Data fiduciaries should assess the risks associated with processing personal data and the likelihood, severity of the harm that the processing can cause. They are required to implement necessary security safeguards such as use of de-identification and encryption, steps necessary to protect the integrity, misuse, unauthorised access, modification, disclosure or destruction of personal data.
Data breach reporting
Organizations should inform the DPA about the breach of any personal data if the breach is likely to cause harm to individuals. The notice should include details such as the category or nature of personal data breach, number of data principals affected by the breach, possible consequences of the breach and any action being taken by the data fiduciary to rectify the situation. The DPA will determine whether the breach should be reported to individuals after assessing the severity of the incident.
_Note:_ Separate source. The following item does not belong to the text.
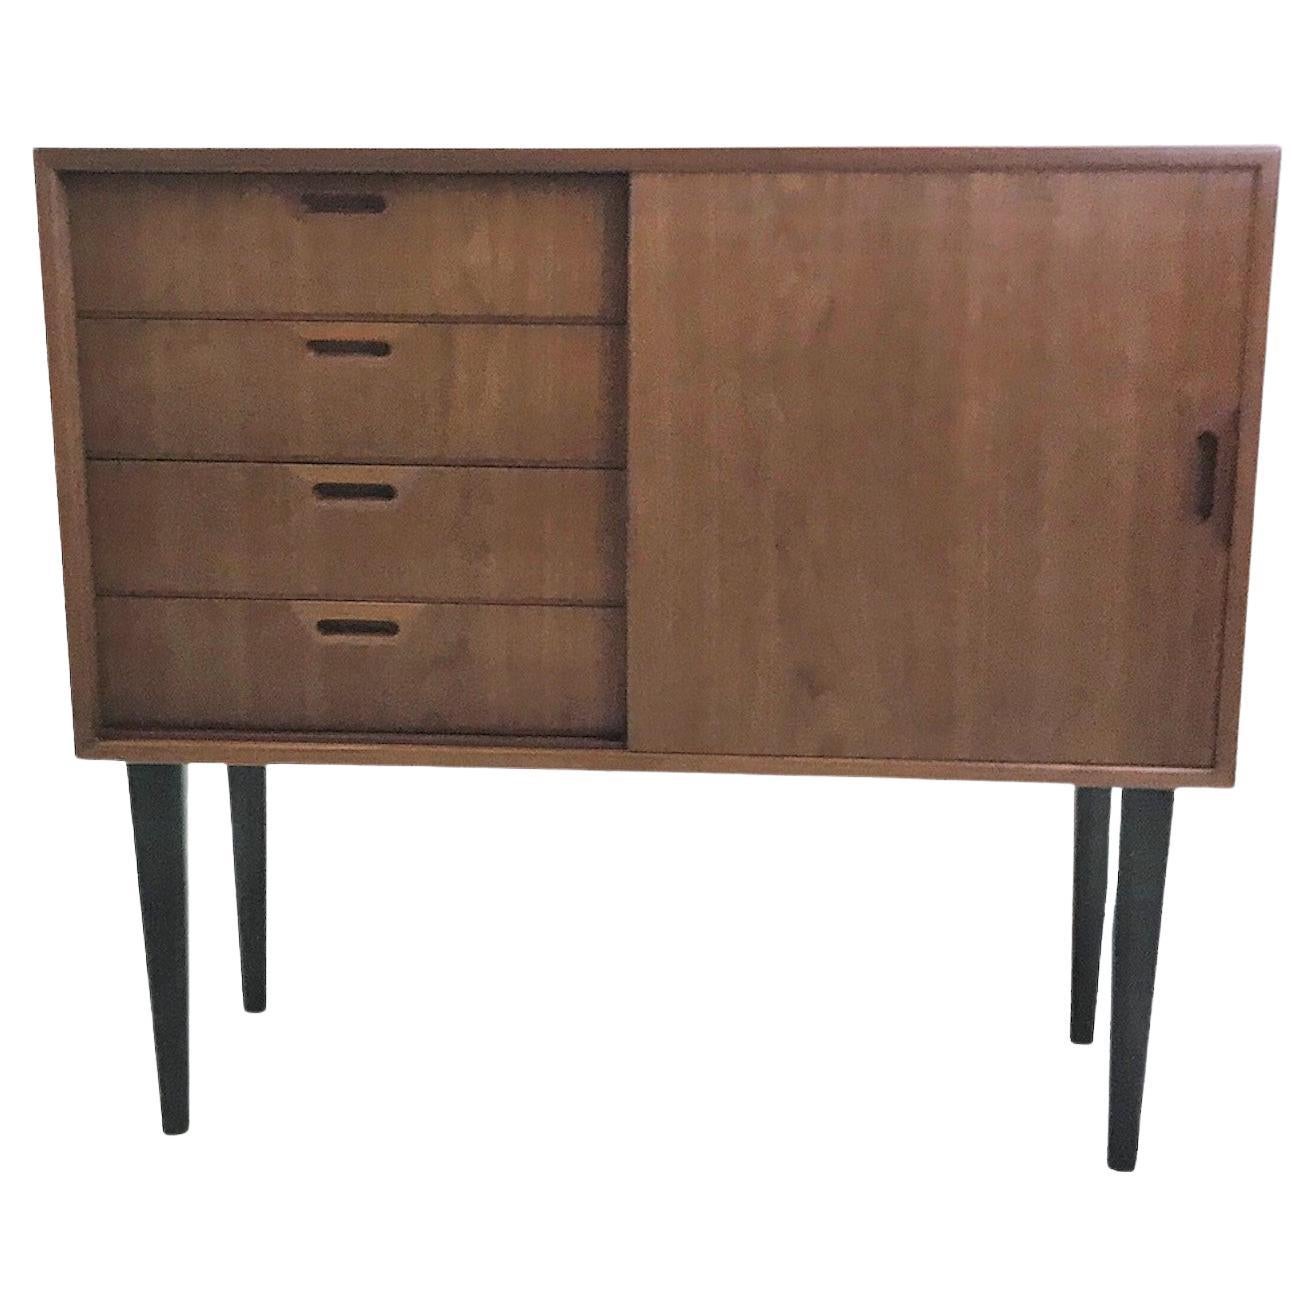 1950s Scandinavian Modern Narrow Walnut Cabinet or Bedside Cabinet

Significant data fiduciary
The DPA can notify any organization as a significant data fiduciary depending on the volume, sensitivity of personal data processed, turnover of the data fiduciary, use of new technologies for processing and any possible risk of harm by processing. Also, every significant data fiduciary has to appoint a data protection officer.
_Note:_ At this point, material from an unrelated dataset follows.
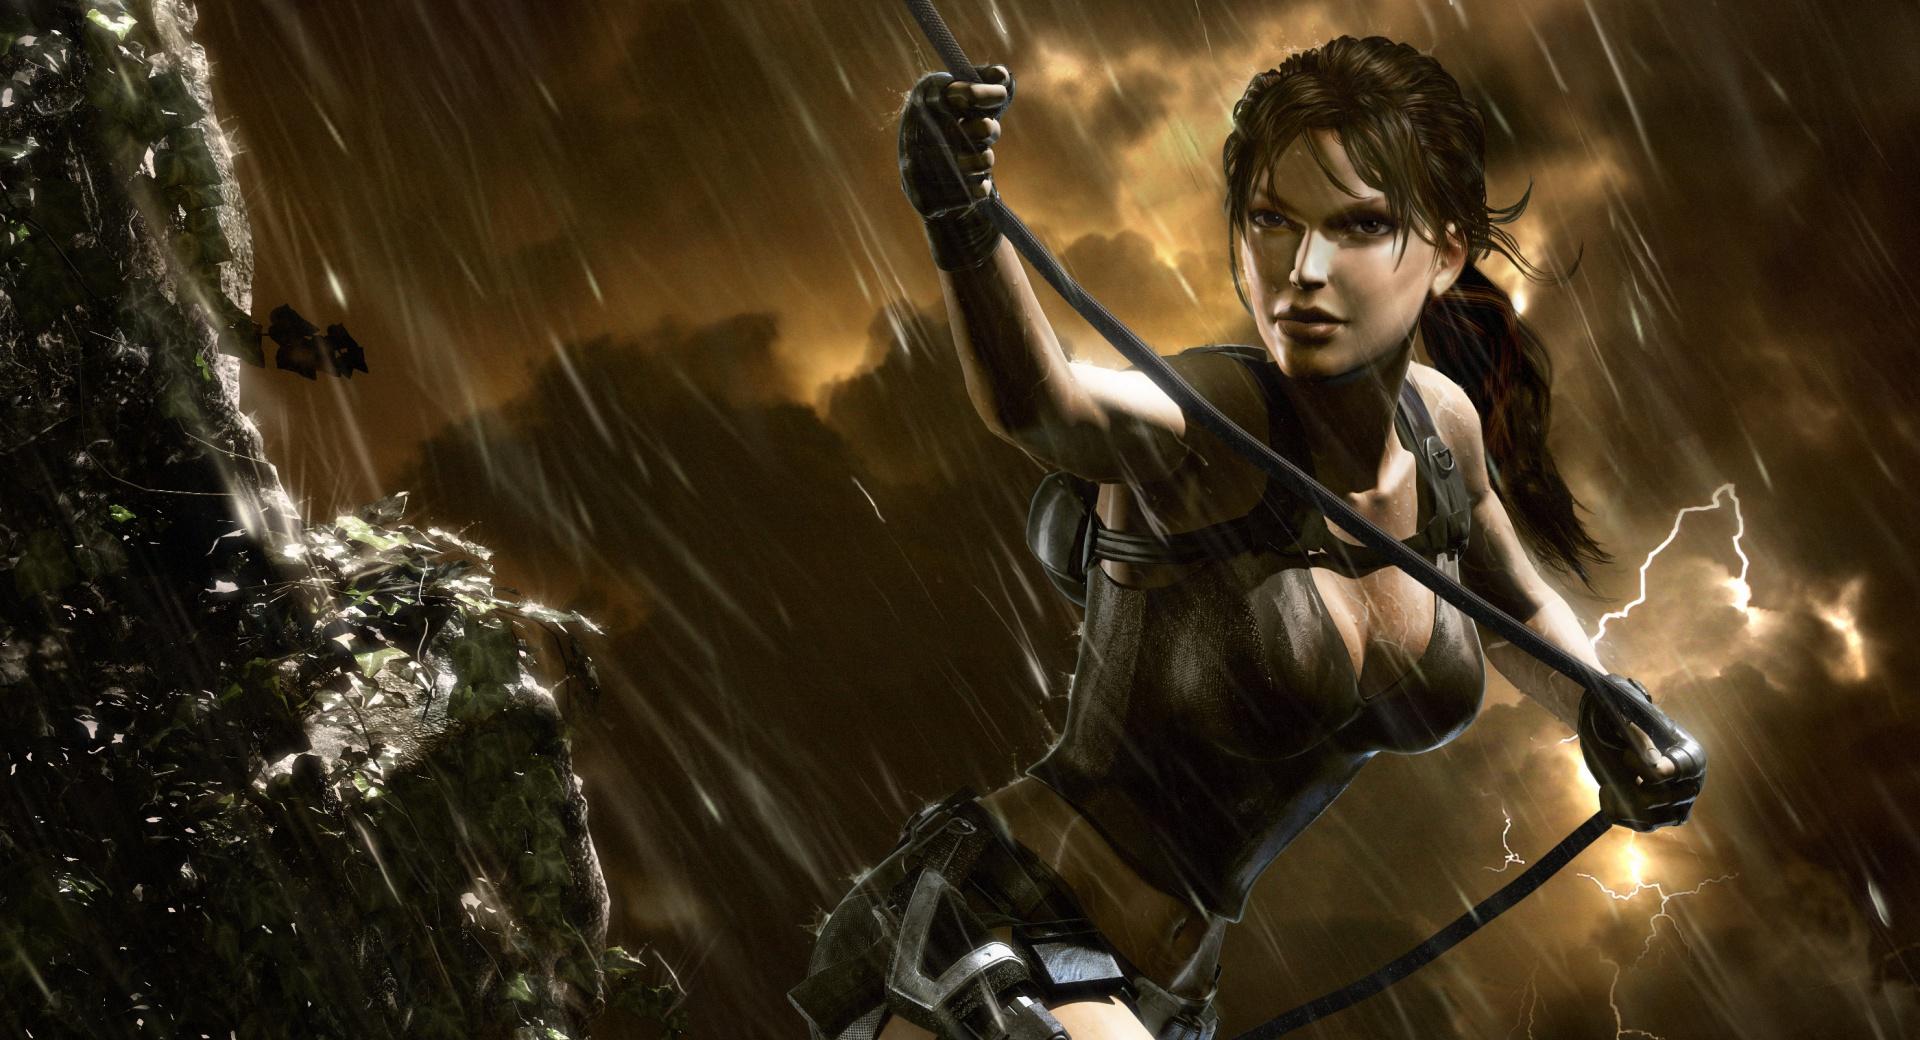 Tomb Raider Underworld Storm at 2048 x 2048 iPad size wallpapers HD quality

Social media intermediaries
The Government can classify social media intermediaries as significant data fiduciaries if the platforms have users above a certain threshold, and the platforms’ actions can affect electoral democracy, security of the state, public order, or sovereignty and integrity of India. A social media intermediary is “an intermediary who primarily or solely enables online interaction between two or more users and allows them to create, upload, share, disseminate, modify or access information using its services”.
Transfer outside India
The bill prohibits the processing of sensitive personal data and critical personal data outside India. Critical personal data refers to personal data that may be notified as one by the Government. According to the Bill critical personal data has to be processed only in India. While sensitive personal data may be transferred outside India, it has to be stored in India. Sensitive personal data can only be transferred outside India for processing after obtaining explicit consent from the data principal. In addition, such transfer is pursuant to a contract approved by the DPA.
Personal data of children
Organizations should verify the age of a child and obtain parental consent before processing the personal data. The manner for verification of the age of the child will be specified by regulations depending on the volume of data processed, any likely harm from the processing and other factors. A data fiduciary can be classified as “guardian data fiduciary” if they operate commercial websites or online services directed at children or process large volumes of personal data of children. They will also be barred from profiling, tracking or behavioural monitoring of children including targeted advertising.
Penalty and compensation
Like the GDPR, the Bill gives the DPA the power to fine organizations in case of non-compliance. The maximum amount of penalties that can be imposed is ₹15 crores ($2.1 million) or 4% of the global turnover in the preceding financial year. Moreover, individuals have the right to seek compensation from the data fiduciary or processor for any harm they suffer.
As data protection legislations are coming up around the world, adapting privacy compliance will be a competitive advantage for businesses in the long run. Businesses that are GDPR compliant will have an edge as they may only have to make a few changes to their exciting compliance frameworks.